Маневр этот вполне в духе Энара. И если читатель знаком с его творчеством и взял в руки «Ежегодный пир братства могильщиков» не случайно, то он готов к привычным энаровским кульбитам — толчкообразному переключению стилистических регистров, многократной смене повествовательных точек зрения, затемнению горизонта ожиданий. В этом смысле каждый текст Энара — будь то «Зона» или недавно вышедший на русском «Компас» (в переводе Ирины Волевич и Елены Морозовой) — китайская головоломка с сюрпризом, где изгиб непрерывной сюжетной линии предугадать невозможно, как невозможно и оторвать от нее взгляд. Так же и здесь. С одной стороны, нам интересно следить за продвижением работы над диссертацией, от которой аспиранта отвлекают мелкие и большие открытия, какие может сделать в деревне человек, никогда прежде там не бывавший. А с другой стороны, самому писателю интересно как можно полнее рассказать нам историю своего региона, вспоминая всех примечательных людей, имевших к нему отношение, — Наполеона, Вийона, Теодора Агриппу Д’Обинье.

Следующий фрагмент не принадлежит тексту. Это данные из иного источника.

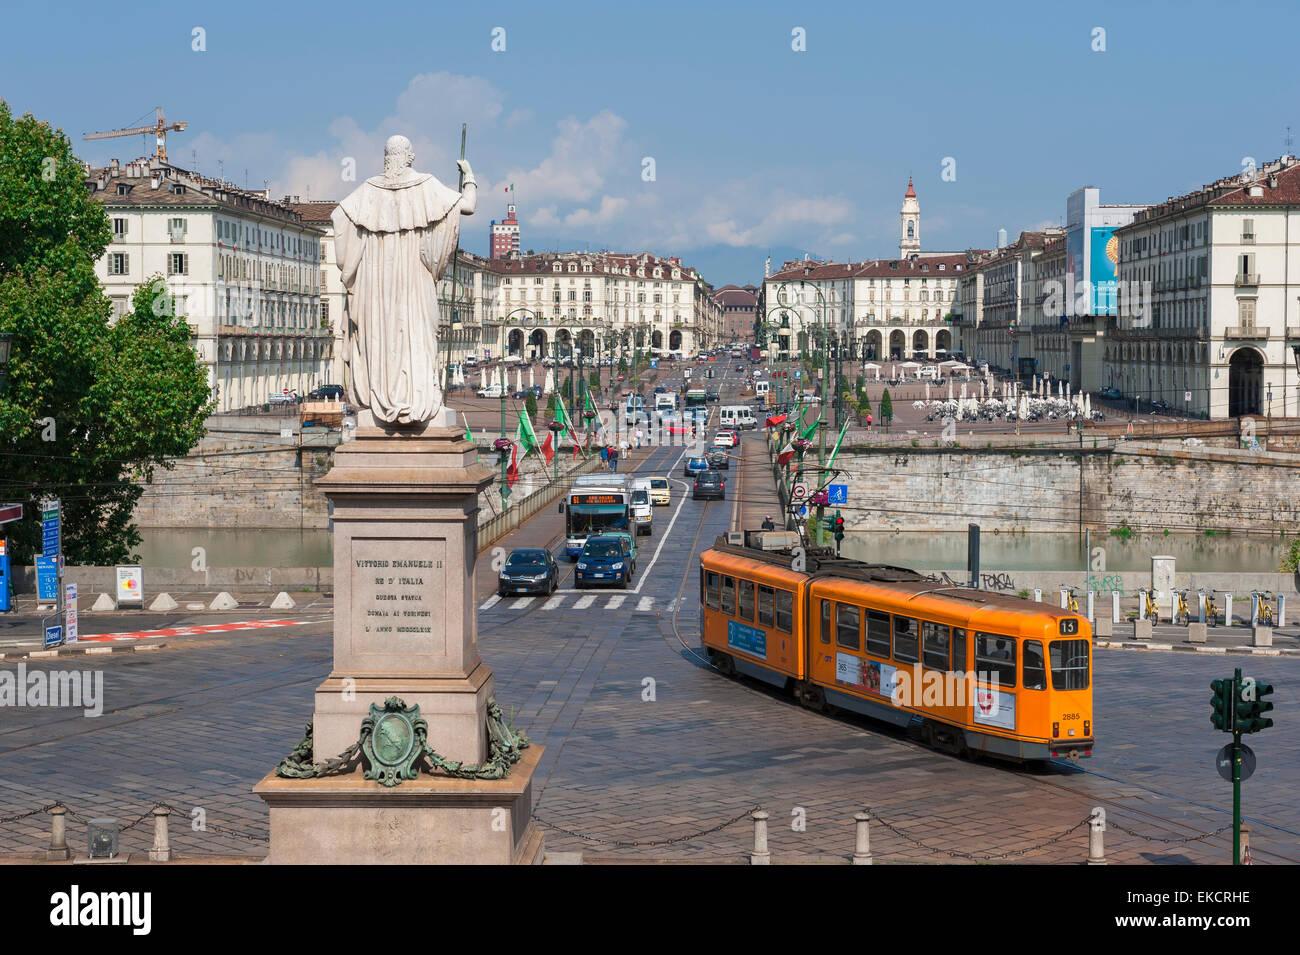 Turin city center ,view across the Ponte Vittorio Emanuele towards the Piazza Vittorio Veneto in the centre of Turin - Stock Image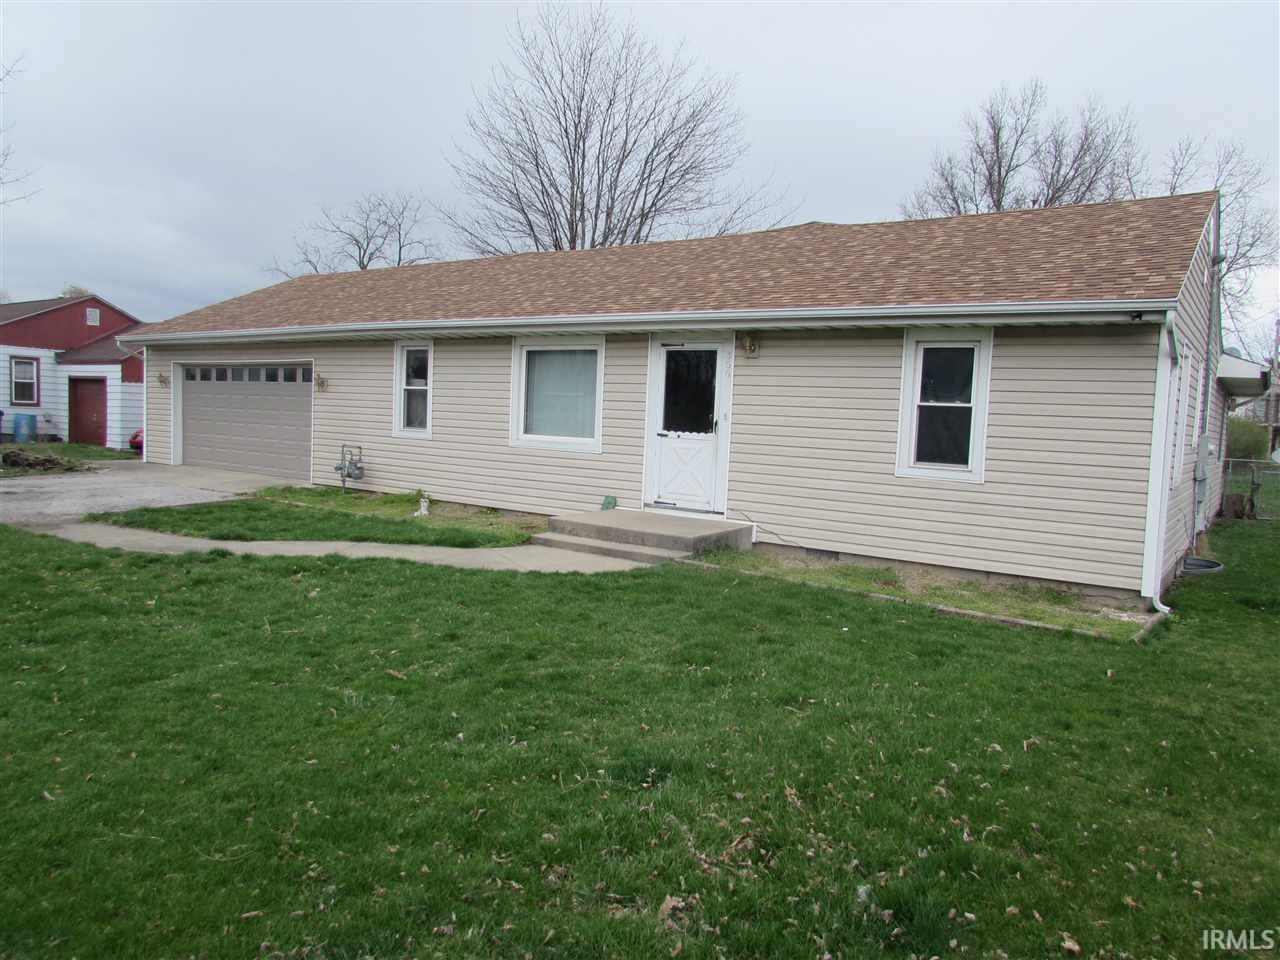 300 W Michigan, Remington, IN 47977

Столкновение двух этих линий влечет за собой подчас странные изломы текста, из которых рождаются отступления (иногда более похожие на обширные исторические справки), питающие сюжет и разворачивающие его вовсе не туда, куда бы мы ожидали. Отдельные главы этого романа заставляют вспомнить о Рабле — своим масштабом, избытком языковой плоти, грохочущим смехом, с каким в них трактуются вроде бы сакральные темы, например тема смерти. Но лучше всего, кажется, Энару подходит сравнение с Бальзаком, обратившимся к современной деревенской жизни и любовно рисующим ее обычаи и привычки, искусно чередуя большие и малые, совсем не заметные мазки.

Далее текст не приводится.